Spinning Moonlight

Spinning Moonlight

Just finished this today, which is appropriate as there have been other moon-based shenanigans afoot (there was an eclipse in this part of the world this morning).

These are my good friends Eloise and Murphy going about their business, which in this case involves collecting skeins of moonlight, presumably to fashion into a stylish, yet practical, garment later on. Eloise recently packed her job in and has become a full time weaver – you can find out more here, or if you are visiting Widecombe-in-the-moor, pop into the National Trust shop where she has some wares on display.

Here are the relevant stages (or struggles, as I prefer to call them). First, the initial scribbly idea…


Then the rough with some colour added via Photoshop…


Next, the pen and ink drawing…


Then the undercoat, which was particularly fiddly on this one because of all the twiggy nonsense.

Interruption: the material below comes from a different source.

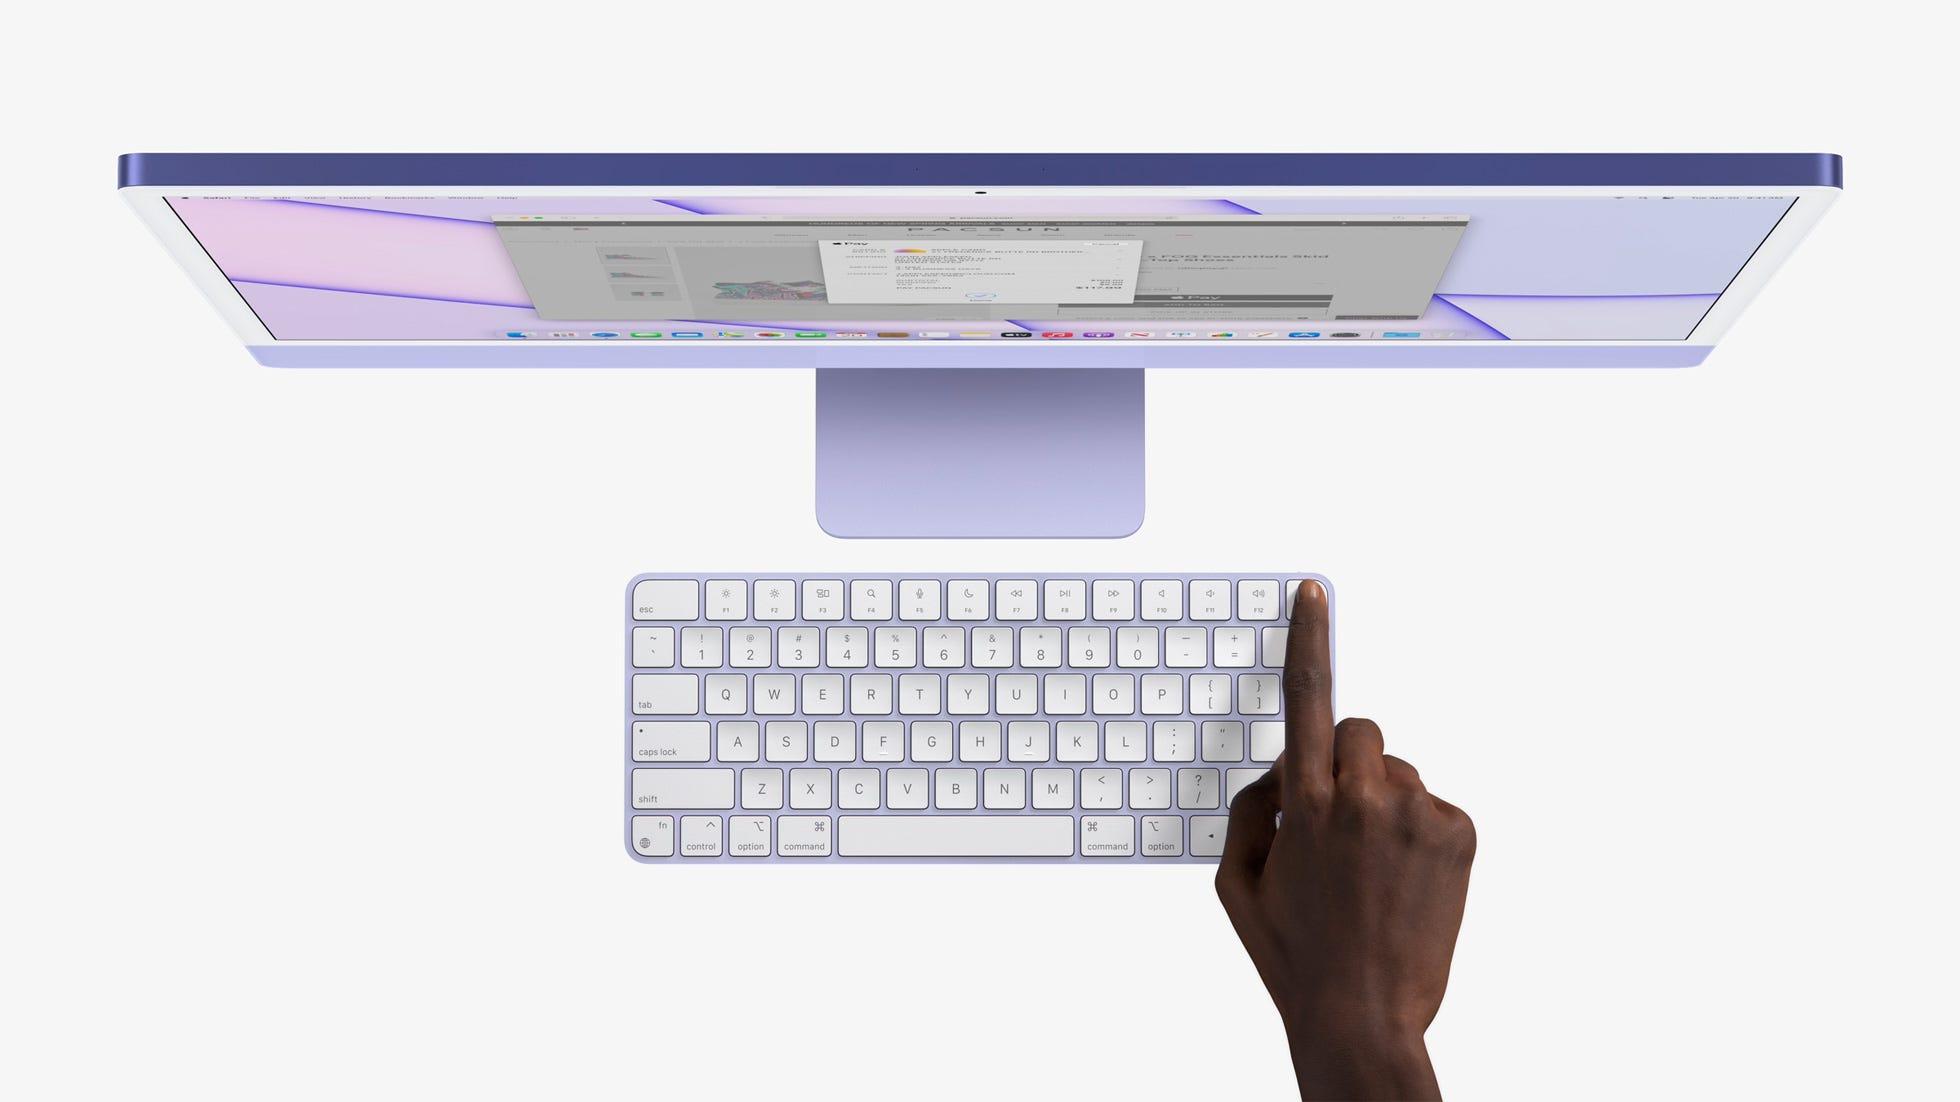 Purple iMac and keyboard

After this stage there was much toothbrush-flicking of watercolour, added colour pencil, paint taken off and put back on again, scanning in and fiddling about digitally to try things out so as not to make too much of a mess on the painting, more flicking of paint and general fixing of things. Business as usual, in fact. This one will probably undergo a bit more remedial work; normally I live with paintings for a while before releasing them into the wild, but there probably won’t be many lunar-centric stories in the news in the next week so this seemed an appropriate time.

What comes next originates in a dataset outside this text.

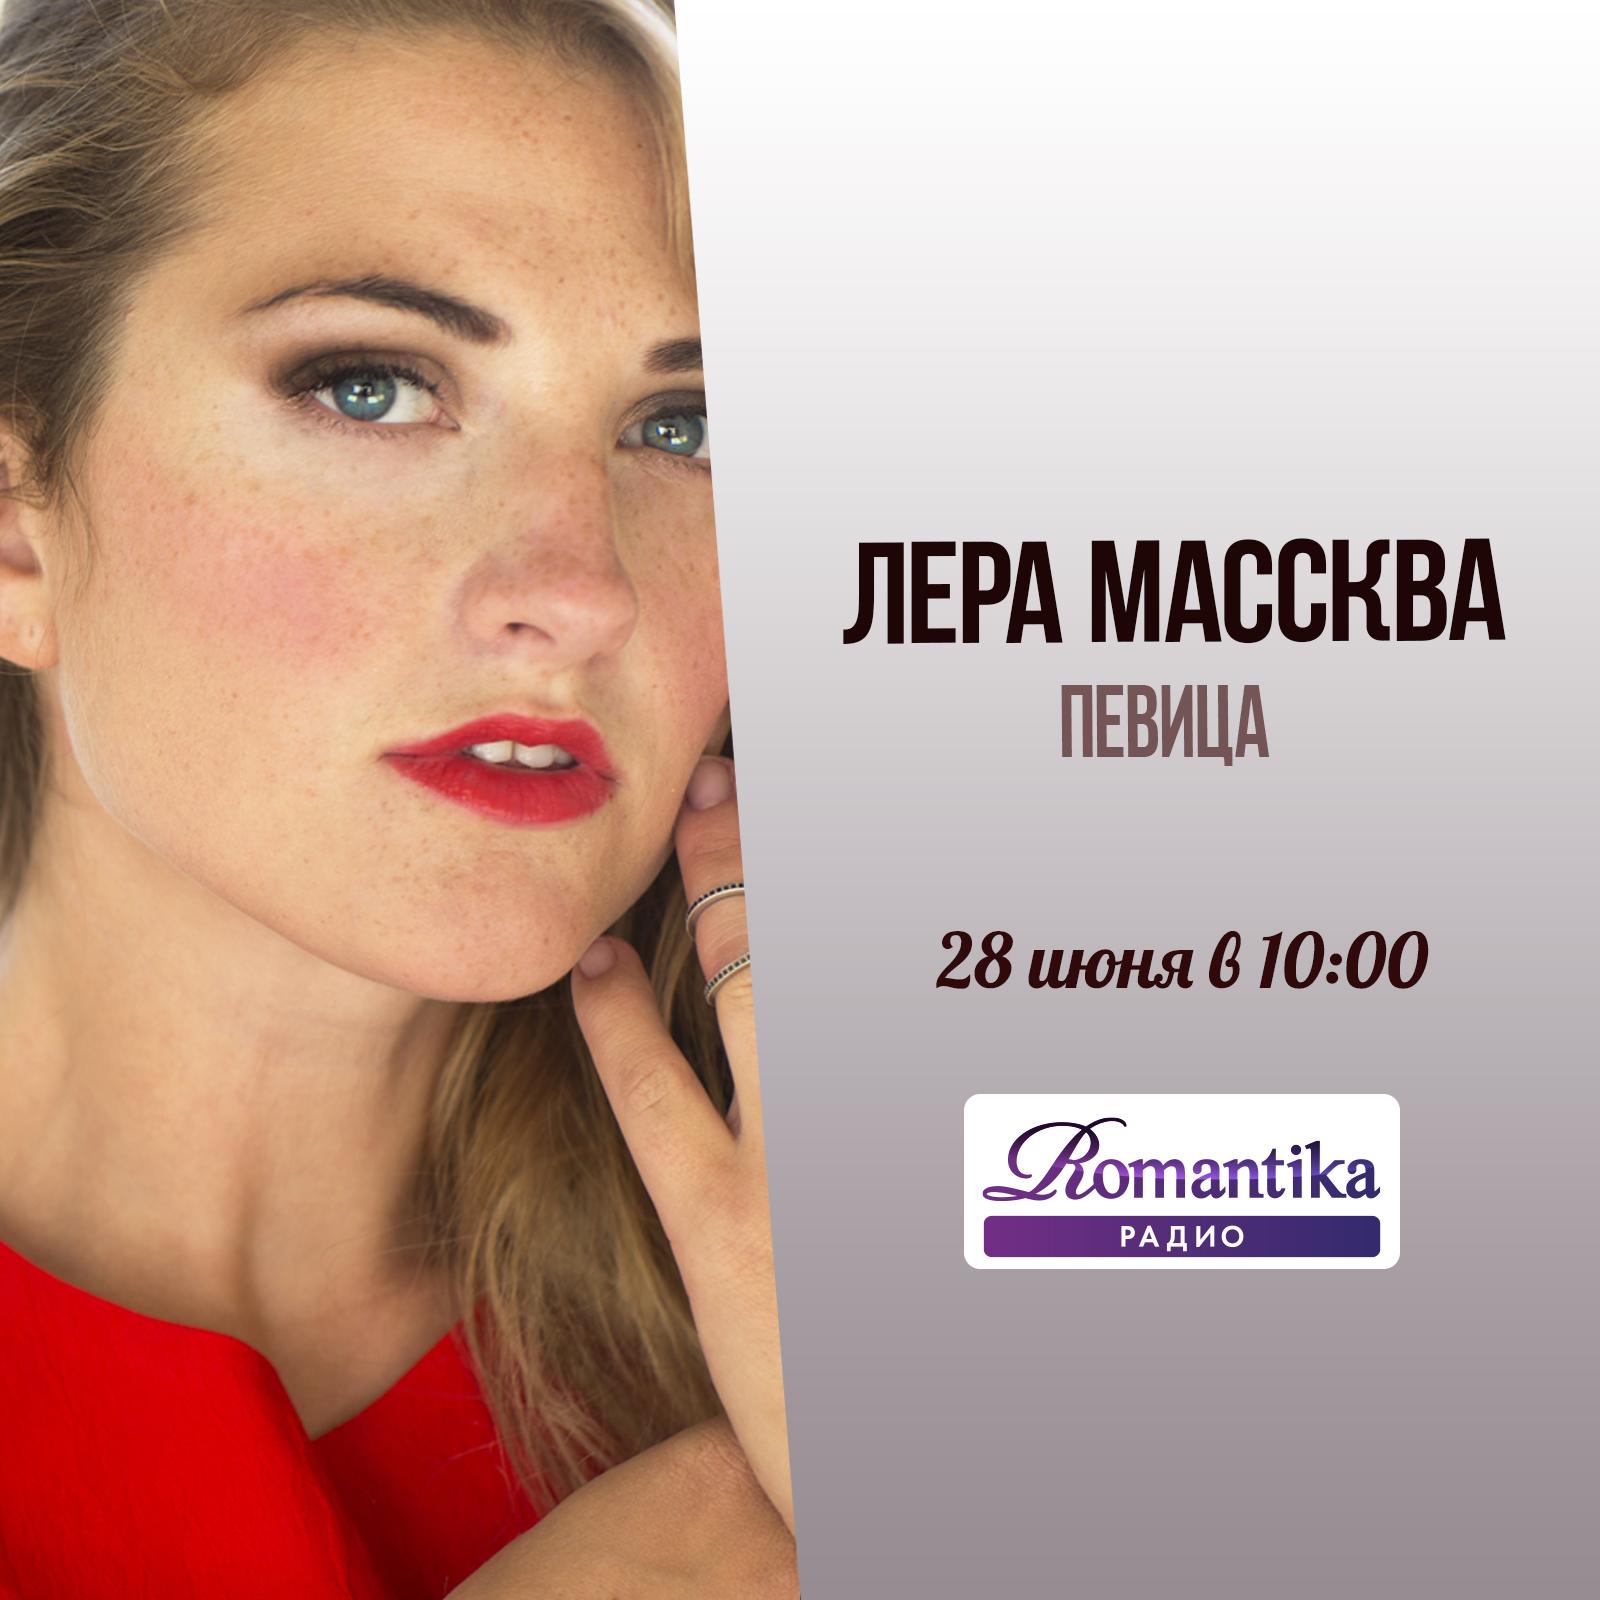 Утро на радио Romantika: 28 июня – в гостях певица Лера Массква - Радио Romantika

17 Replies to “Spinning Moonlight”

      1. I find them fascinating. It’s one of the main reasons I buy art books. I want to see the sketches!

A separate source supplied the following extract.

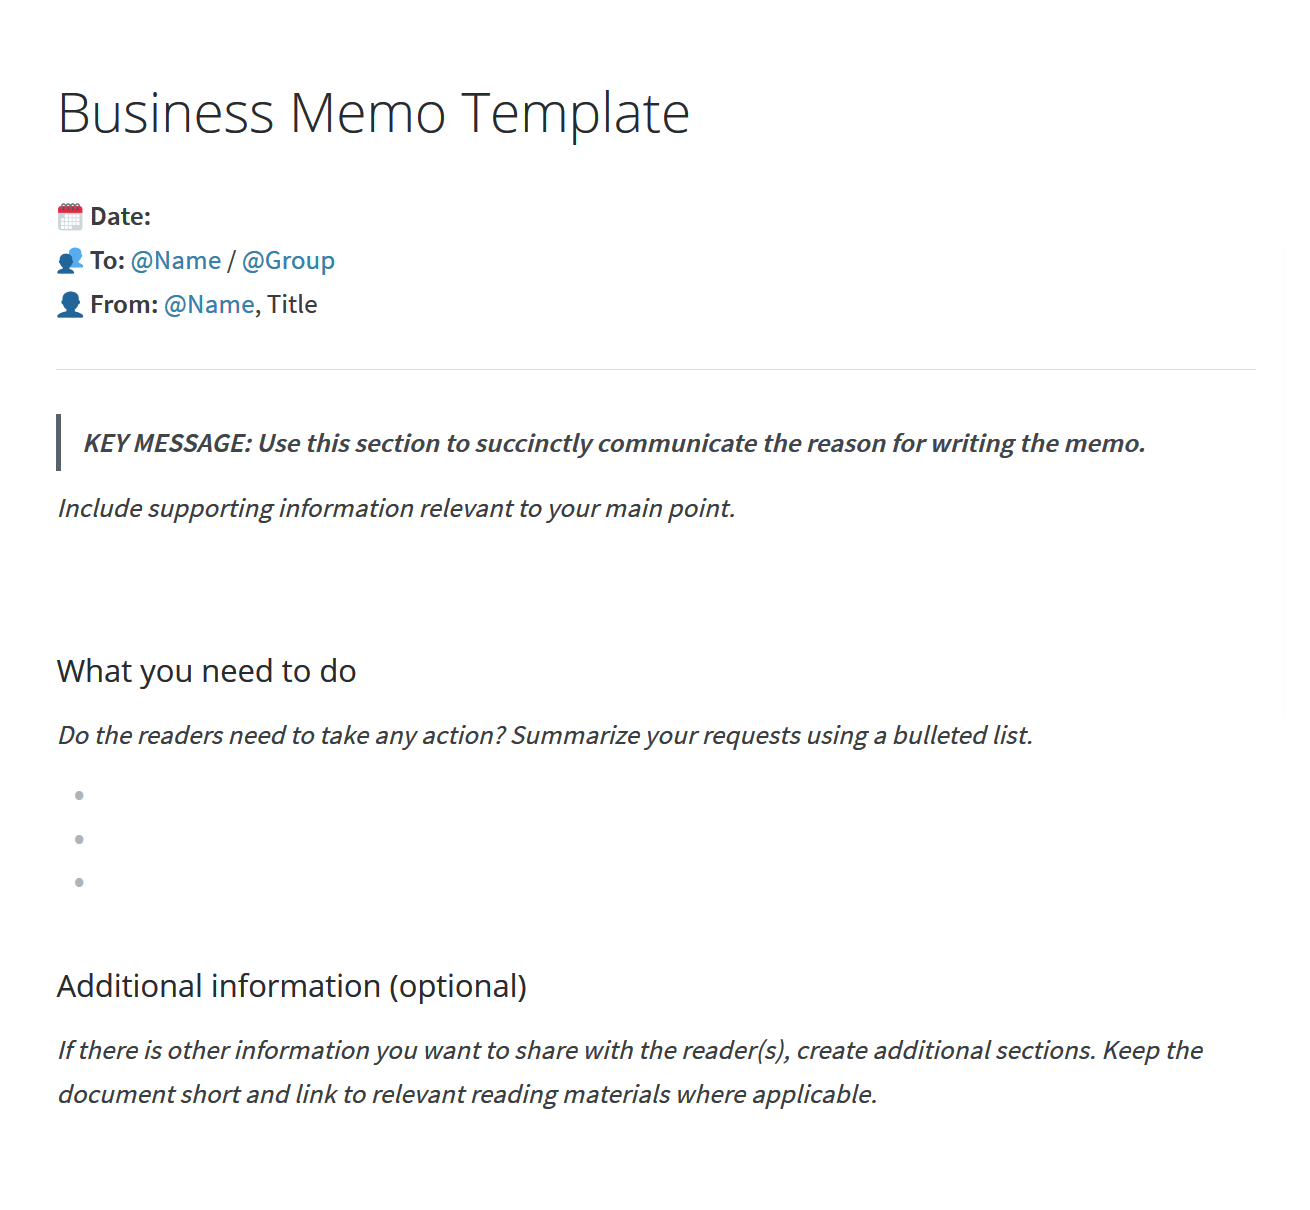 Business memo example

  1. Gorgeous work as ever and I also love being given a peek into someone else’s process. I think that the fundamental principles are the same, whether it’s visual art or the written word – music, too.

    I confess I’m fascinated by the interaction between traditional and computerised media in the way you work – a truly creative response to the tools available.

    I’m a great fan of all your stuff, but it’s these pencil/ink/watercolour paintings that I love most of all. They’re utterly unique and distinctive. Just delicious.

    Well, that was meant to be a thoughtful comment on the creative process and actually turned into a bit of a fan letter! No harm in that, I suppose.


  2. I love this illustration. Not only are the line work and colors impeccable, but it’s highly reminiscent of the Moon card from the tarot. I love the powerful magical energy that you charge your work with. Well done!

      1. You’re welcome.

        Do enjoy the blog. I must apologize for it’s appearance. The last them I used was hacked, and I’m designing a new theme for it as we speak. But the content is still accessible. Enjoy!

  3. David, I hadn’t seen this, doh! LOVE seeing the stages! Also love the lunar timing of it, which I hadn’t realised, and the comment about the Tarot likeness – have you done a deck of Tarot cards? It would be a stunning deck if you did! Thanks again, so honoured to be one of the weird folk inspiring your great work 🙂 xx

  4. My daughter and I are absolutely enchanted by this painting. We are doing a homeschool project collect folklore around the moon phases. Is there more to the story here of spinning skeins of moonlight? Were you inspired by any fairytales, folklore or magical experiences? We’d love to hear more if you’re Inspired to share. Thank you!
    ~ Dena and Maple

    1. Thanks. It’s not inspired from a specific tale, although I’ve probably been subconsciously influenced… The idea popped into my head on a walk between Hound Tor and Haytor near where I live – there’s a little valley there and I was taken with the trees and the little pools that had formed under the mossy branches. I thought it would more interesting as a painting if they were reflecting moonlight instead of sunshine. At the time my friend Eloise was starting out her mobile weaving business and somehow the two things came together. The Norns may have been in my thoughts as well, as I was dong some work on Scandinavian myths about then (strangely enough, I’m doing some more Viking-related work right now).

      1. Beautiful to hear more about how this painting came to be, birthed from your lands and loved ones. My daughter and I are both spinners, so have been talking alot about how one might spin the magic of moonlight. So glad to have your work. Thanks you.